• **Information supplied**
⟨
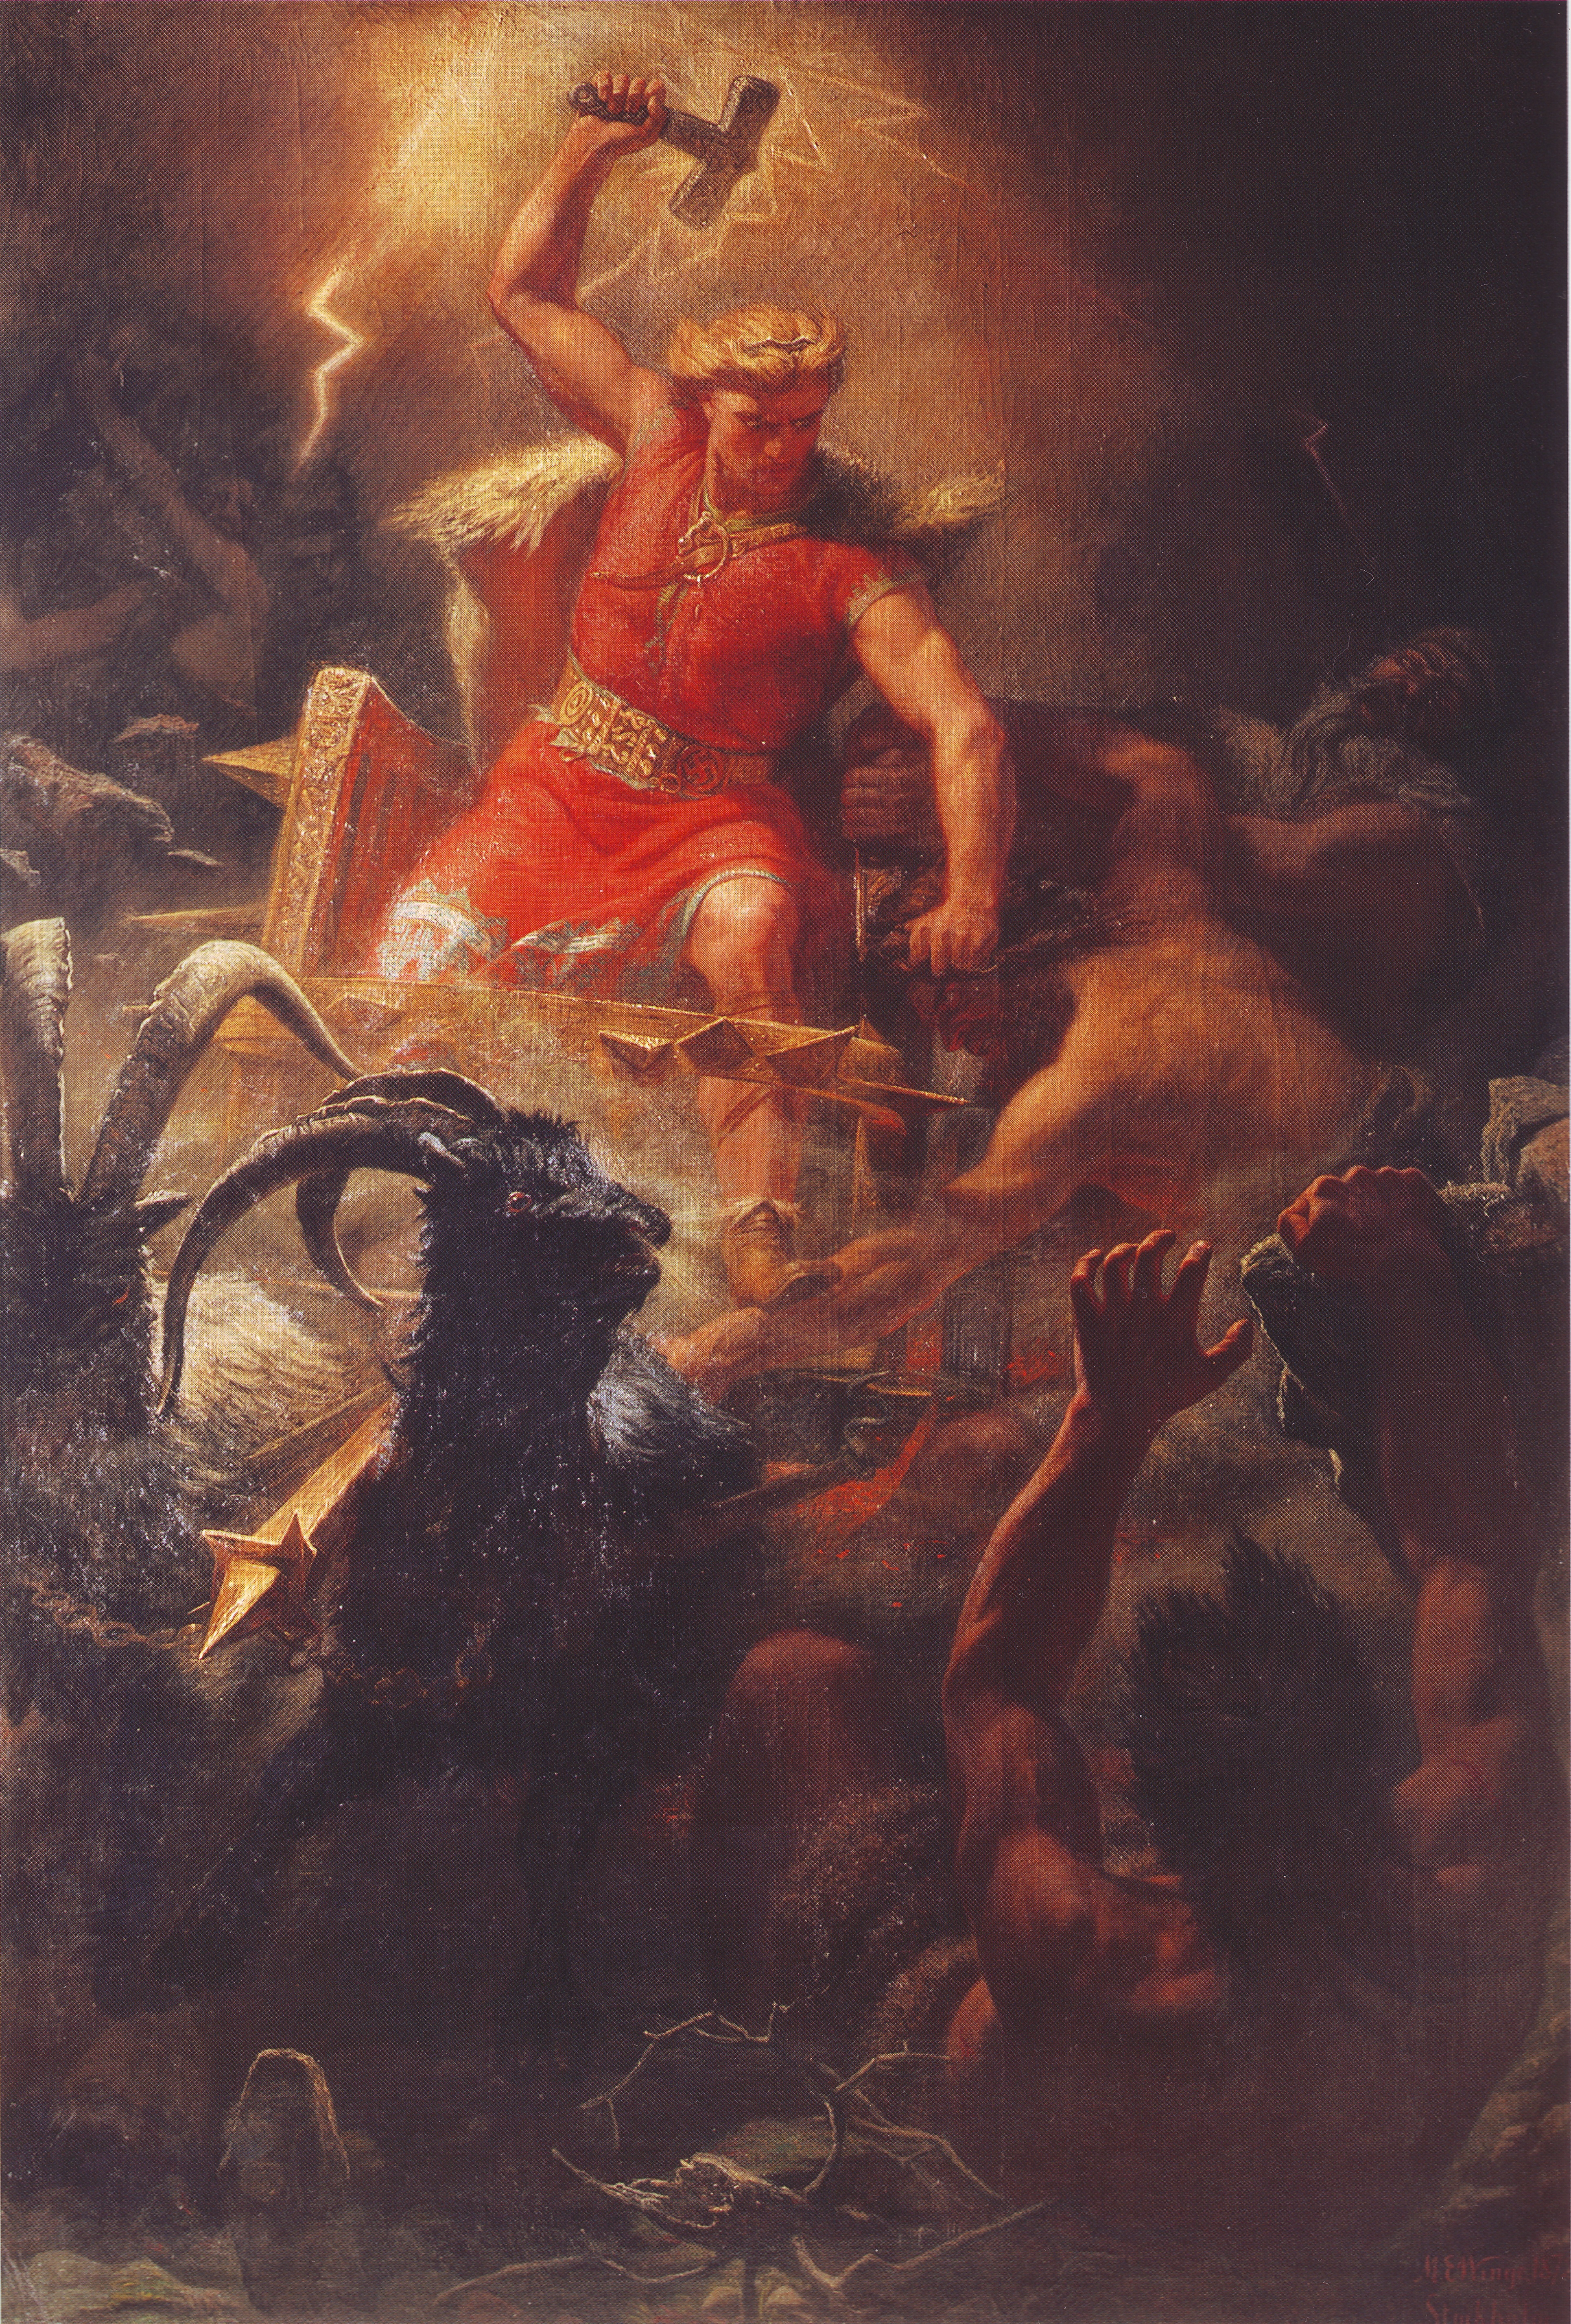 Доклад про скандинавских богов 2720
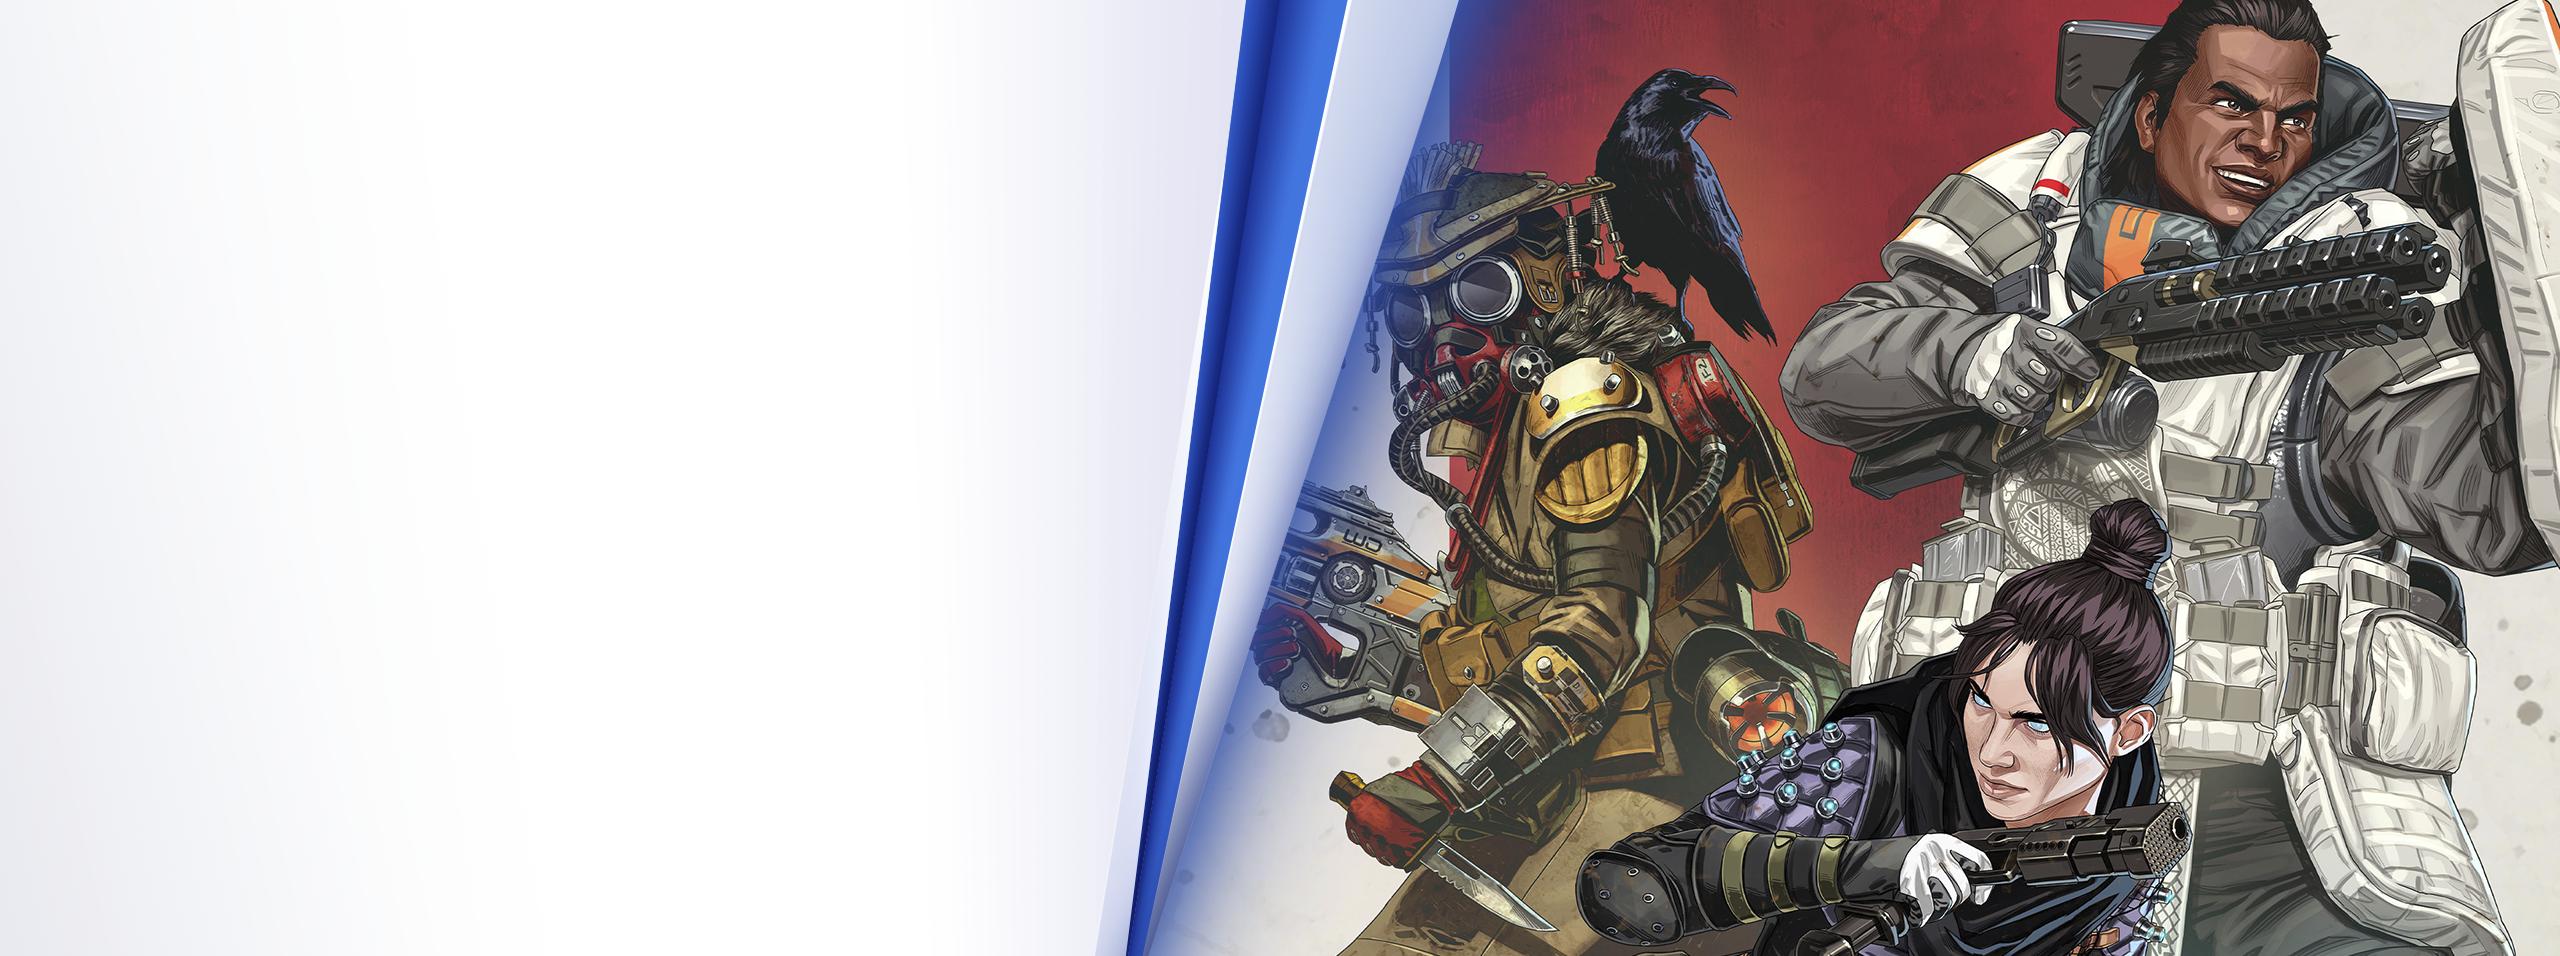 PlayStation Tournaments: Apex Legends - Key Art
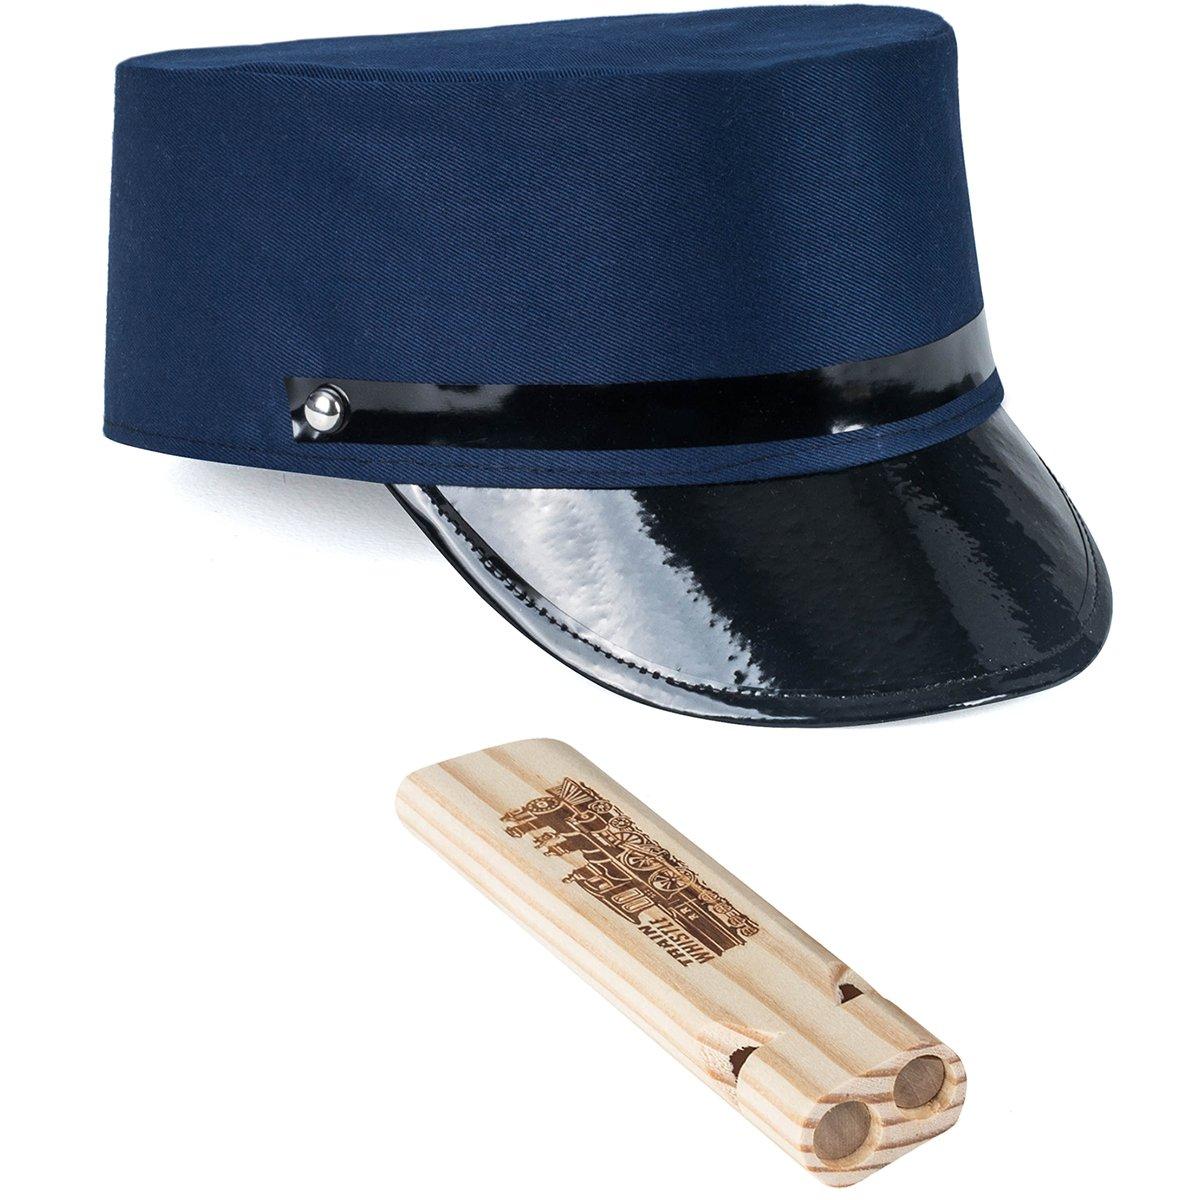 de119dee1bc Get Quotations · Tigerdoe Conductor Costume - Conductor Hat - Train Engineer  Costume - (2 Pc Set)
⟩
• **Directions**
From the material above, output every line exactly as written, dropping any picture.

• **Written answer**
 Доклад про скандинавских богов 2720
 PlayStation Tournaments: Apex Legends - Key Art
 de119dee1bc Get Quotations · Tigerdoe Conductor Costume - Conductor Hat - Train Engineer  Costume - (2 Pc Set)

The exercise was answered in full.